Economy & Energy

Europe Wants Its Own Money. The EU's New Budget Proposal Is Really About Political Power

Nexus Europa Newsroom
Posted July 16, 2026 · 0 views
Europe Wants Its Own Money. The EU's New Budget Proposal Is Really About Political Power

The European Commission's proposal for new EU budget revenues is about more than taxes. By linking funding to carbon imports, e-waste and large corporations, Brussels is taking another step towards greater fiscal autonomy—and a more strategically independent European Union.

For decades, the European Union has depended on its member states to finance its ambitions. Every new priority—from supporting Ukraine to investing in defence or green industry—has ultimately required national governments to agree on who pays.

Brussels now wants to change that.

Alongside its proposed 2028–2034 budget, the European Commission has unveiled a package of new "own resources" that would generate revenue directly for the European Union. The measures include income from the Carbon Border Adjustment Mechanism (CBAM), a levy linked to electronic waste and a new contribution from Europe's largest corporations.

Presented as budget reform, the proposal signals something much larger: Europe is quietly building the financial foundations of a more sovereign Union.

The End of the Old Budget Model

The EU's financial architecture was designed for a different Europe.

When the long-term budget was created, the Union financed agricultural subsidies, regional development and infrastructure. Today, it is expected to strengthen Europe's defence industry, compete with Chinese manufacturing, finance the green transition, protect critical infrastructure, support Ukraine and repay the common debt raised during the pandemic.

Europe Wants Its Own Money. The EU's New Budget Proposal Is Really About Political Power

Those responsibilities have expanded much faster than the system designed to fund them.

Every seven years, negotiations over the Multiannual Financial Framework become a familiar contest between net contributors and net beneficiaries, with governments calculating how much they will pay into Brussels and how much they will receive back.

For a Union that increasingly speaks the language of strategic autonomy, the financing model still reflects the politics of the 1990s.

Turning European Policies Into European Revenue

The Commission's proposal would begin changing that equation.

One of the largest new revenue streams would come from the Carbon Border Adjustment Mechanism. Originally introduced to prevent carbon leakage and protect European industry, CBAM would now become more than a climate instrument. Revenue collected from carbon-intensive imports would also help finance the EU itself.

Another proposal links contributions to electronic waste, encouraging member states to improve recycling while simultaneously creating a predictable source of income for the European budget.

Brussels also wants Europe's biggest companies to contribute through a new mechanism known as Corporate Resource for Europe (CORE). Rather than creating a fully-fledged EU corporate tax, the proposal asks multinational businesses benefiting from the single market to contribute directly to financing it.

Together with revenues from emissions trading and tobacco-related duties, the package represents the Commission's most ambitious attempt in years to expand the Union's independent financial base.

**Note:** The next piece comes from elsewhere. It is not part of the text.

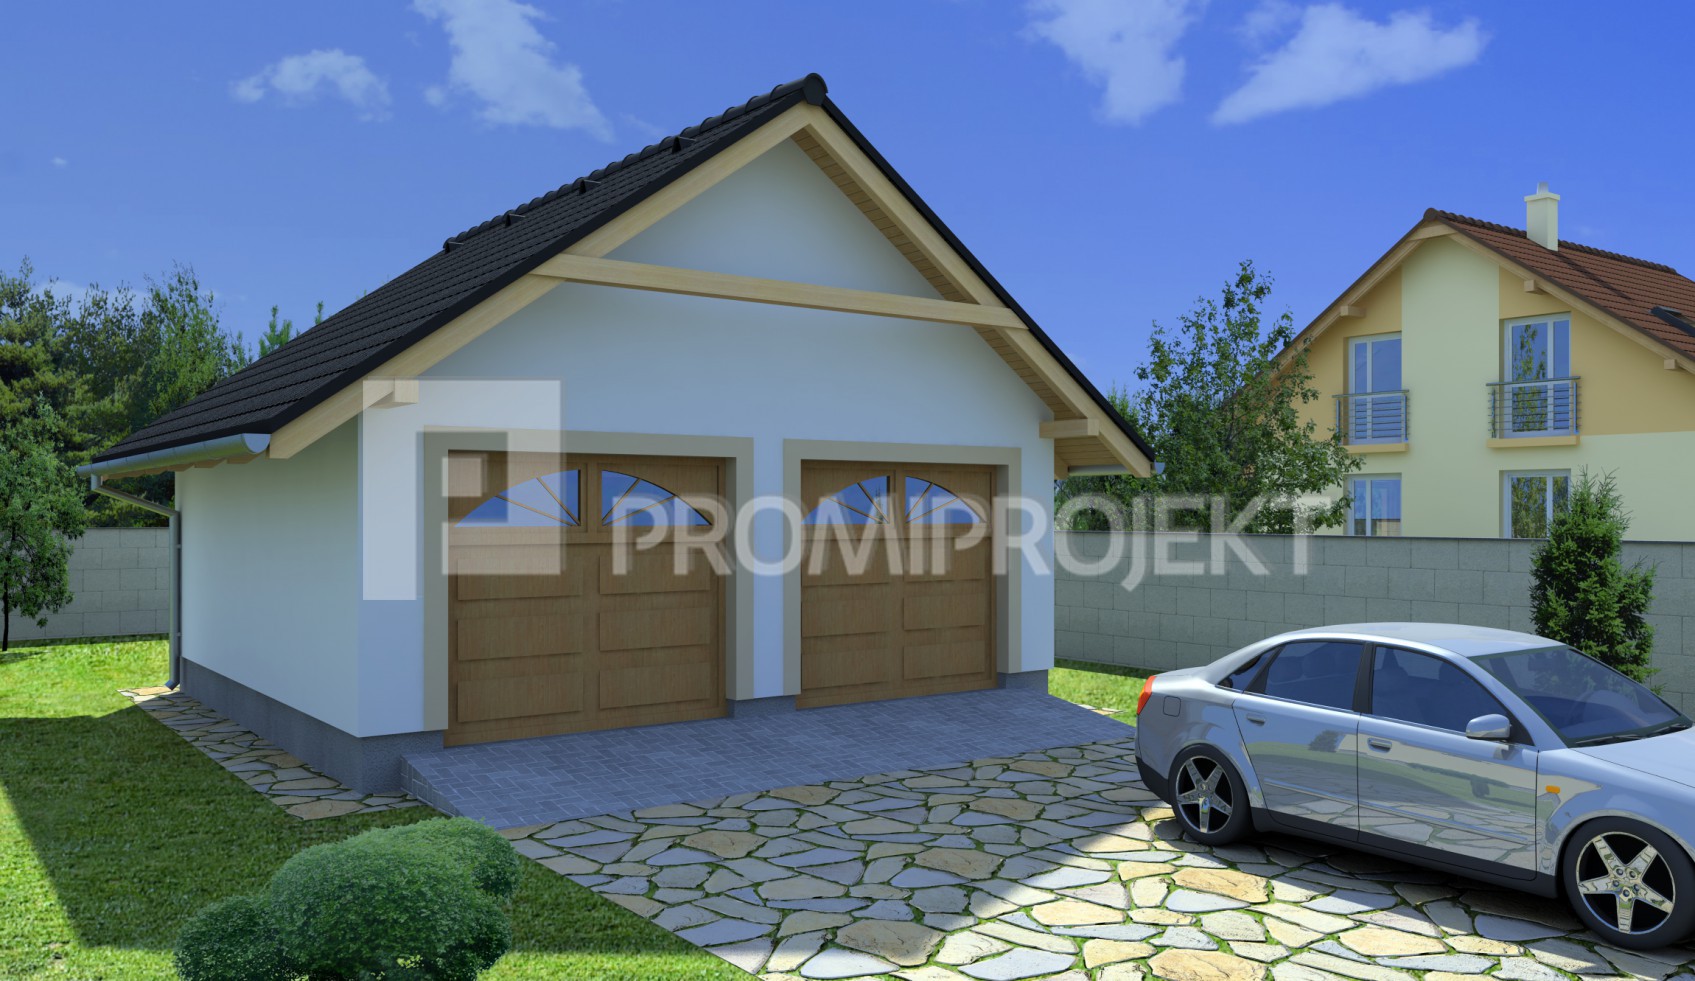 Promiprojekt - garaz-2g1, 1, Promipr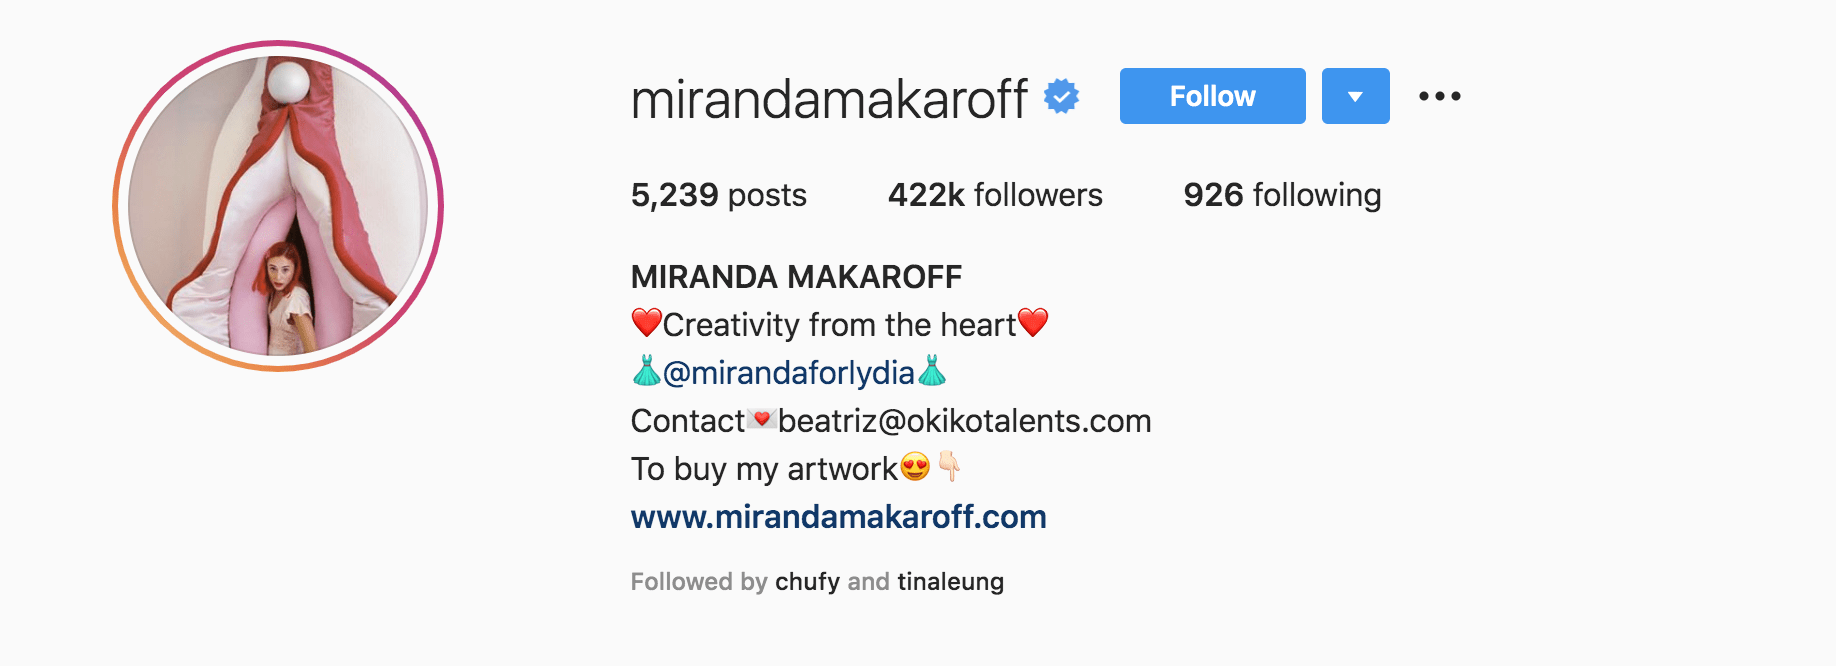 Top Fashion Influencers - Miranda Makaroff

Fiscal Autonomy Is Becoming Strategic Autonomy

The proposal fits into a broader pattern that has emerged since the pandemic and accelerated after Russia's full-scale invasion of Ukraine.

Europe has increasingly centralised policies once considered exclusively national. It jointly purchased vaccines, borrowed hundreds of billions of euros through NextGenerationEU, launched common defence financing, accelerated industrial policy and expanded coordinated support for Ukraine.

Each crisis has pushed Brussels into areas that previously belonged to national governments.

The budget proposal follows the same trajectory.

Rather than asking member states for larger annual contributions every time Europe faces a new strategic challenge, the Commission wants the Union to finance a greater share of its priorities through its own revenue streams.

That would not simply make budgeting easier. It would make the EU less dependent on political bargaining in twenty-seven national capitals every time collective action is required.

The Real Negotiation Begins Now

Whether the proposal survives in its current form remains uncertain.

Changes to the EU's system of own resources require unanimous approval, giving every member state an effective veto. Governments wary of transferring fiscal authority to Brussels are likely to resist, while others may argue that new European revenues reduce pressure on already strained national budgets.

Business groups are also expected to challenge new corporate contributions, warning that additional levies could weaken Europe's competitiveness.

The debate, however, extends beyond taxation.

It is about who should ultimately possess the financial capacity to act when Europe faces geopolitical crises.

Europe's Quiet Constitutional Shift

Europe Wants Its Own Money. The EU's New Budget Proposal Is Really About Political Power

The Commission is not simply proposing new taxes.

It is asking whether the European Union should continue functioning as a political project financed almost entirely by national governments—or whether it should begin operating with financial resources that increasingly belong to Europe itself.

That distinction may sound technical.

In reality, it is one of the clearest indicators of where European integration is heading.

For years, Brussels has spoken about strategic autonomy in defence, energy and technology. The next stage may prove impossible without something far less visible but equally transformative: fiscal autonomy.

And that makes this budget proposal about much more than balancing accounts. It is about redefining where political power inside the European Union ultimately resides.